C'est ça, l'anti-dérive. Pas une surveillance en temps réel. Pas un outil de monitoring. Un dispositif d'inscription qui transforme un incident isolé en règle opposable, et qui opère à la prochaine occurrence. La mémoire n'est pas une archive ; c'est un contrat que l'agent passe avec lui-même, via un tiers — le fichier — qui ne confabule pas.

Ce qu'on finit par comprendre, à force de tenir ce dispositif, c'est qu'il n'a rien de spécifique à Claude Code. Toute collaboration longue avec un agent IA produit de la dérive. La seule question est de savoir si on organise la trace qui permet de la détecter.
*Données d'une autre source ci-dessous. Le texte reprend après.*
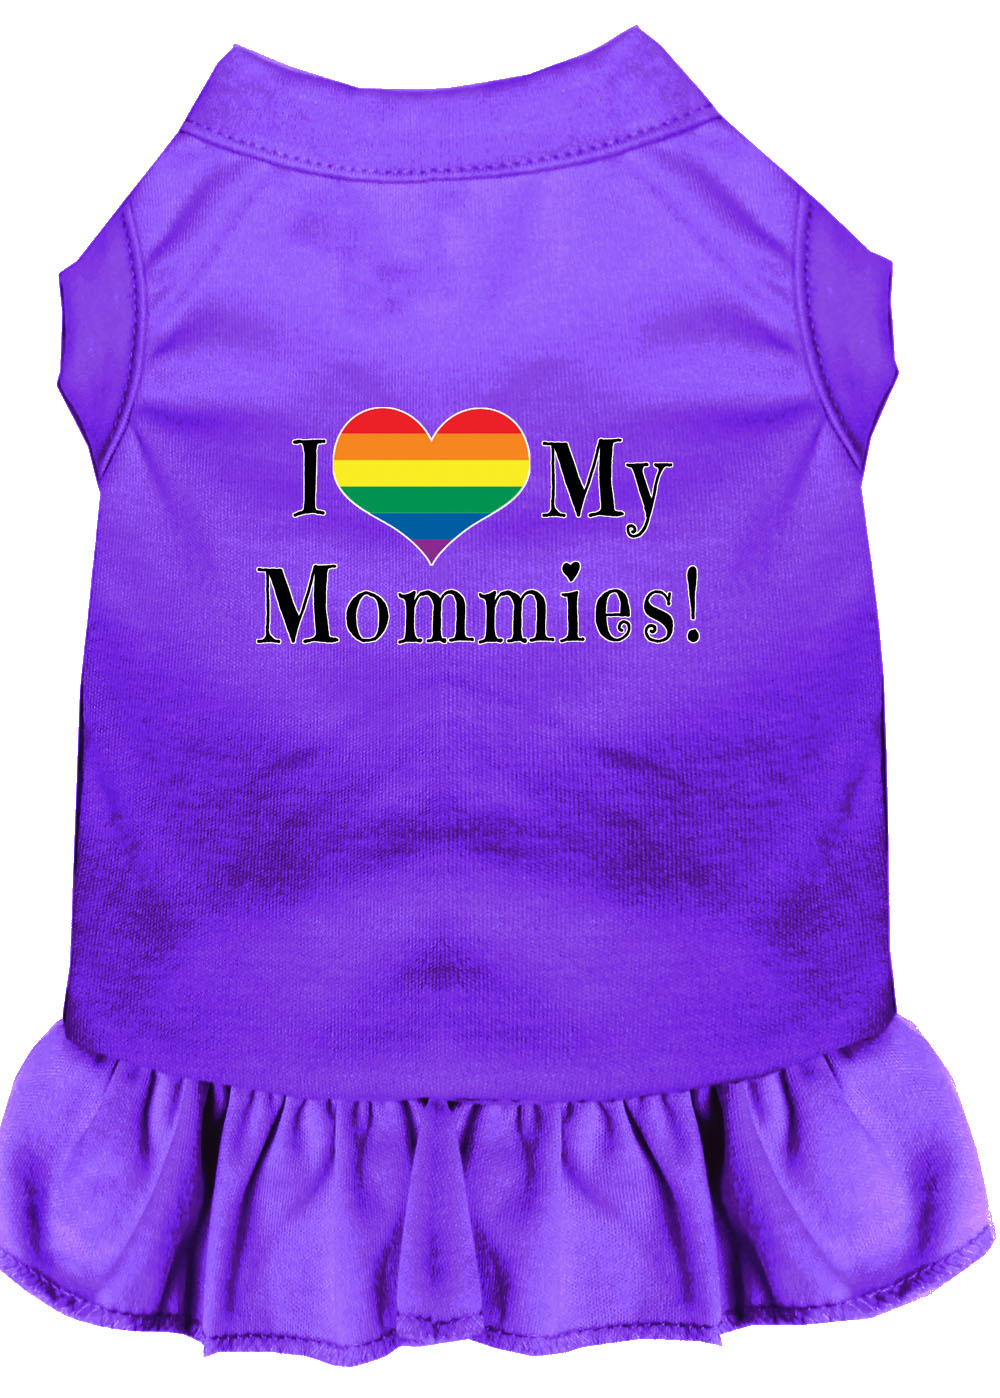 I Heart my Mommies Screen Print Dog Dress Purple Lg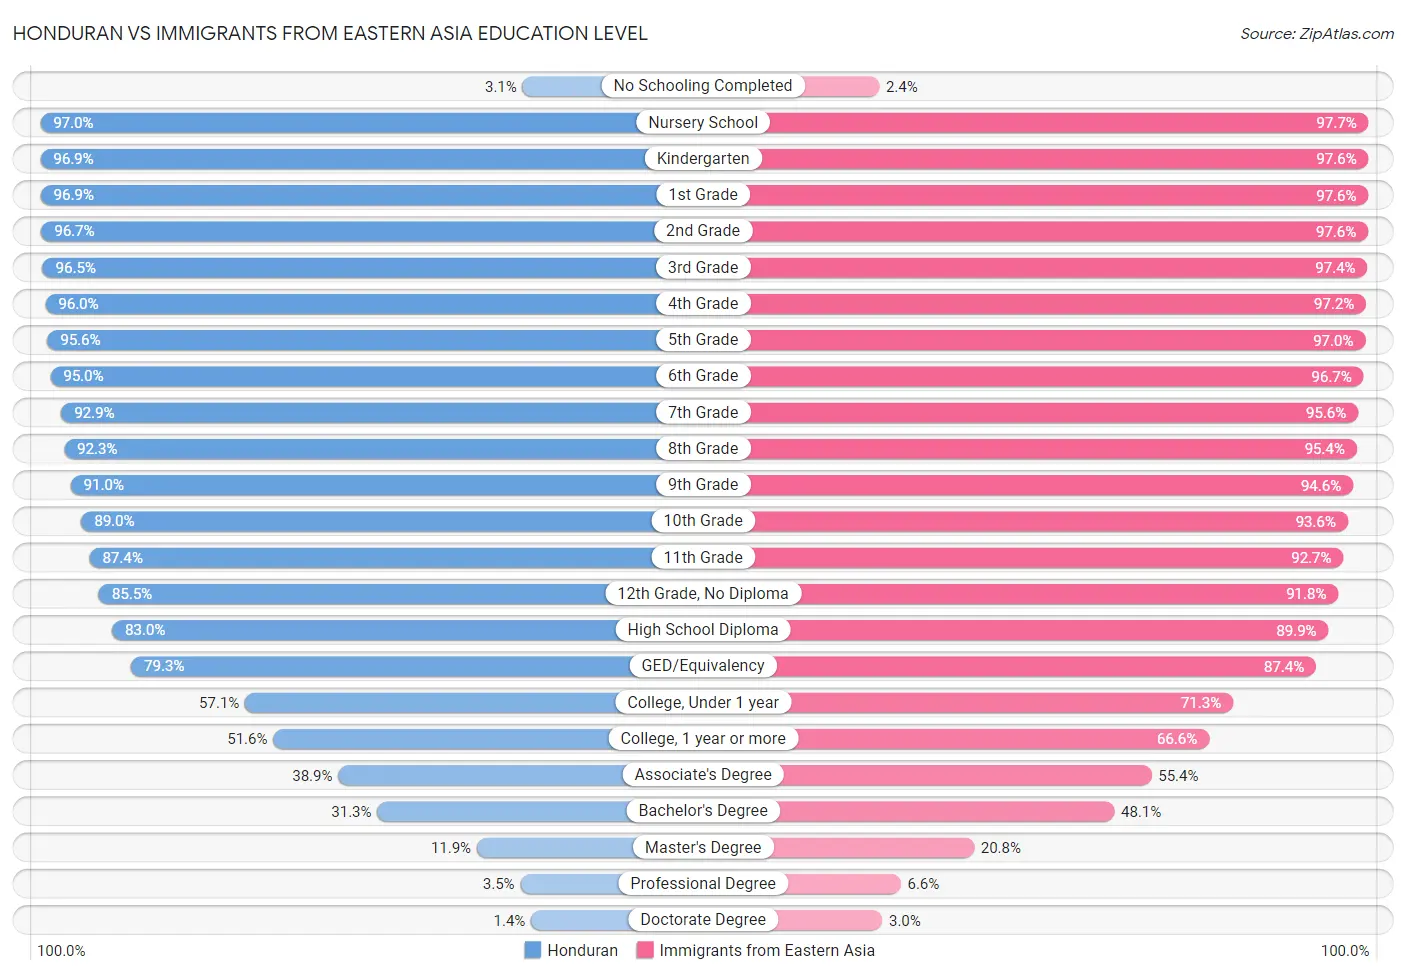 Honduran vs Immigrants from Eastern Asia Education Level

Le code sans mémoire dérive. La mémoire sans code s'atrophie. Entre les deux, le chantier anti-dérive tient l'intégrité du geste long.

Hier soir, Gaspard est repassé pour le serveur de sauvegarde. Il avait préparé un tableur sur sa clé, quatre colonnes, trente lignes, les accès qui vivaient dans sa tête. « Si c'est ça que vous voulez, je l'exporte en CSV pour votre agent », sans ironie. J'ai importé dans un reference_acces_gaspard.md, indexé dans MEMORY.md, daté. La trace écrite a pris la place de la trace incarnée. Le dispositif vient de gagner trente lignes, la maison vient de perdre quelque chose que je n'ai pas les mots pour nommer.


Code compagnon : rembrandt-samples/claude-md/feedback-template.md — la structure des fichiers feedback_* (Rule + Why + How to apply) avec un exemple commenté, licence MIT.